Kasfkas halkları için incelemeye değer bir hazine bırakmış olduğu söylenebilecek G. Dumézil’in Türkçe’de yeni yapıtlarının yayınlanması dileğiyle ve kendisinin, “Çveneburi Dergisi”nin kurucusu, Türkiye’de Gürcü kültürü ile ilgili ilk yayınların sahibi Ahmet Özkan Melaşvili’ye 1968’de, Gürcüstankitabının yayınlanması dolayısıyla yazmış olduğu ve kitapta yer alan mektubu ile sona erdiriyorum yazıyı:
“Sevgili Ahmet Bey,
Yıllar önce İstanbul’da bulunduğum sırada Gürcü dili ve edebiyatını tanıdım.
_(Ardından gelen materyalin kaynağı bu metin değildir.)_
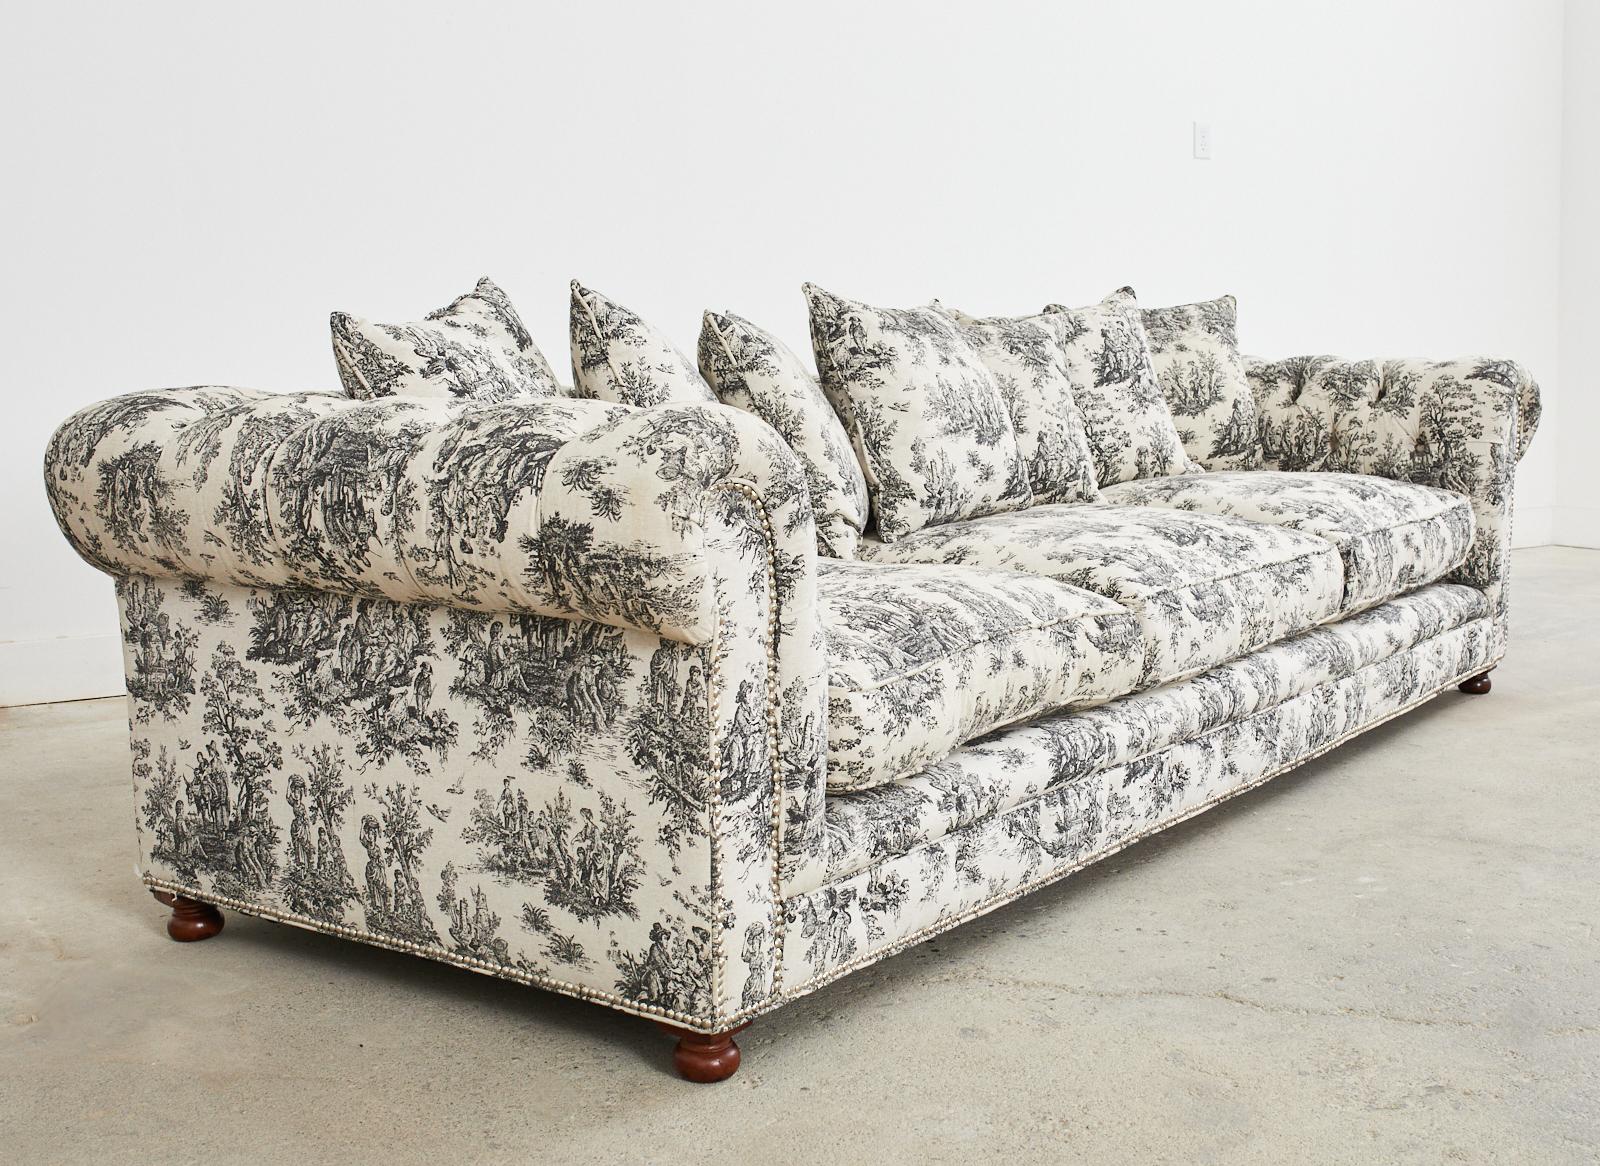 American Christian Audigier Grande-Dame French Provincial Toile Tufted Sofa For Sale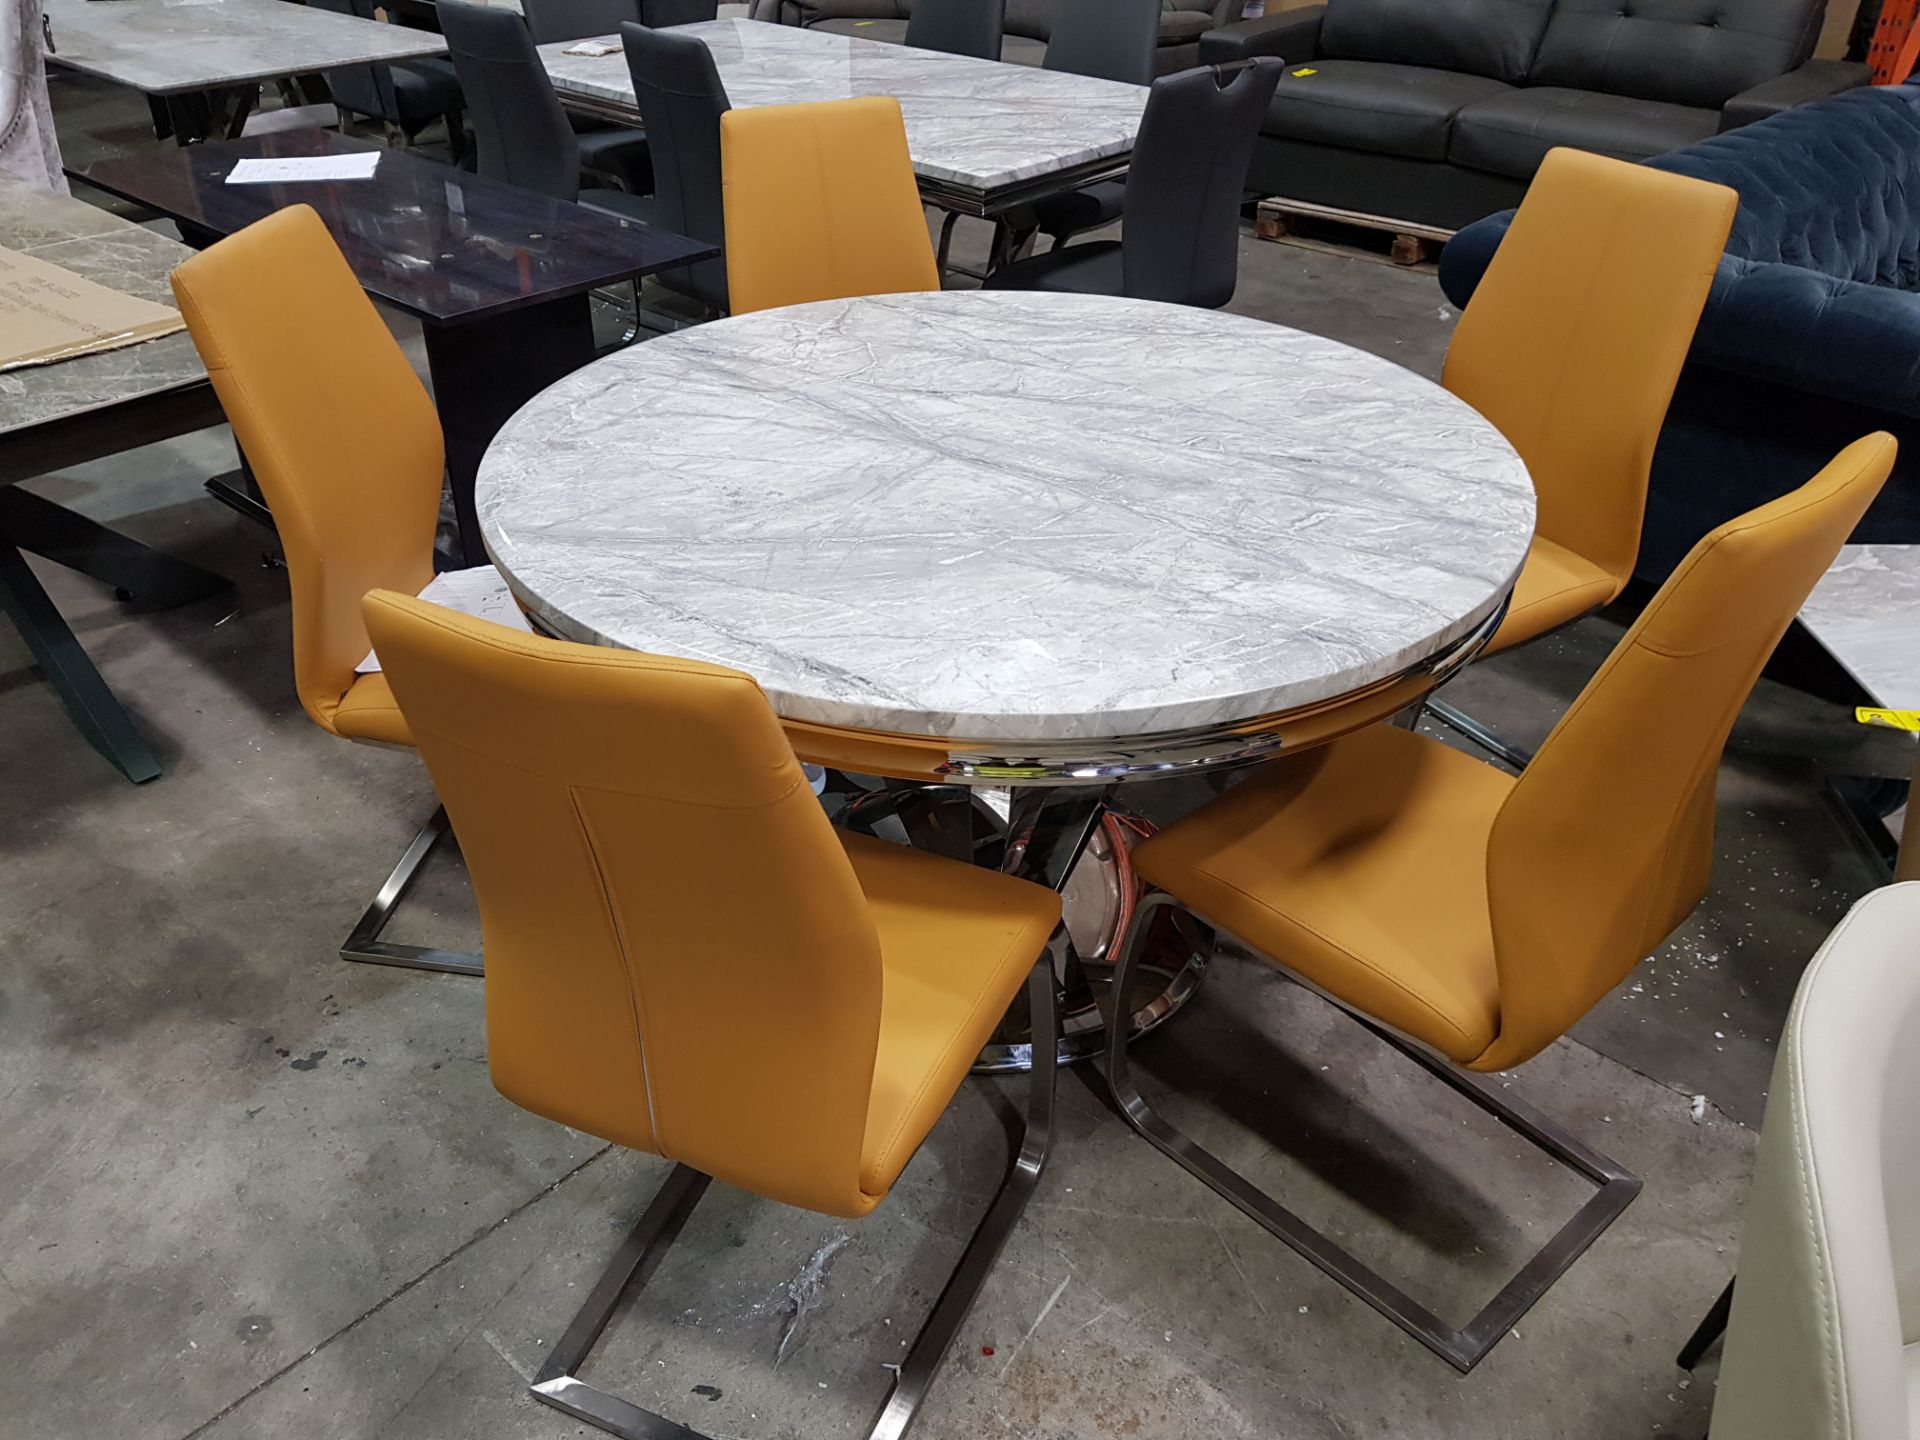 1 X GRANITE TOP ARTURO DINING TABLE IN GREY (DIAMETER 1300mm) WITH 5 X DINING LEATHER CHAIRS (PLEASE

Feriköy Gürcü Kilisesi’nde Gürcü kültürüyle ilgili bilgiler edindim. Sonra Kafkasya’ya ilgim ve bu konudaki incelemelerim devam etti. Bu heyecan verici incelemeler Türkiye’ye ikinci vatanım olarak aşkla bağlanmamı sağladı.
Ne mutluluk verici bir haber ki, tarihe her zaman değer vermiş Türkiye’de, değerli bir Türk vatandaşı olarak sizin, Gürcüstan, büyükleriniz ve hemşehrileriniz hakkında bir kitap yayınlayacağınızı öğrendim. Hiçbir şey bundan daha soylu bir davranış olamaz. Yazdıklarınızı okumayı kendim için çok faydalı bulacağımı söylemek isterim.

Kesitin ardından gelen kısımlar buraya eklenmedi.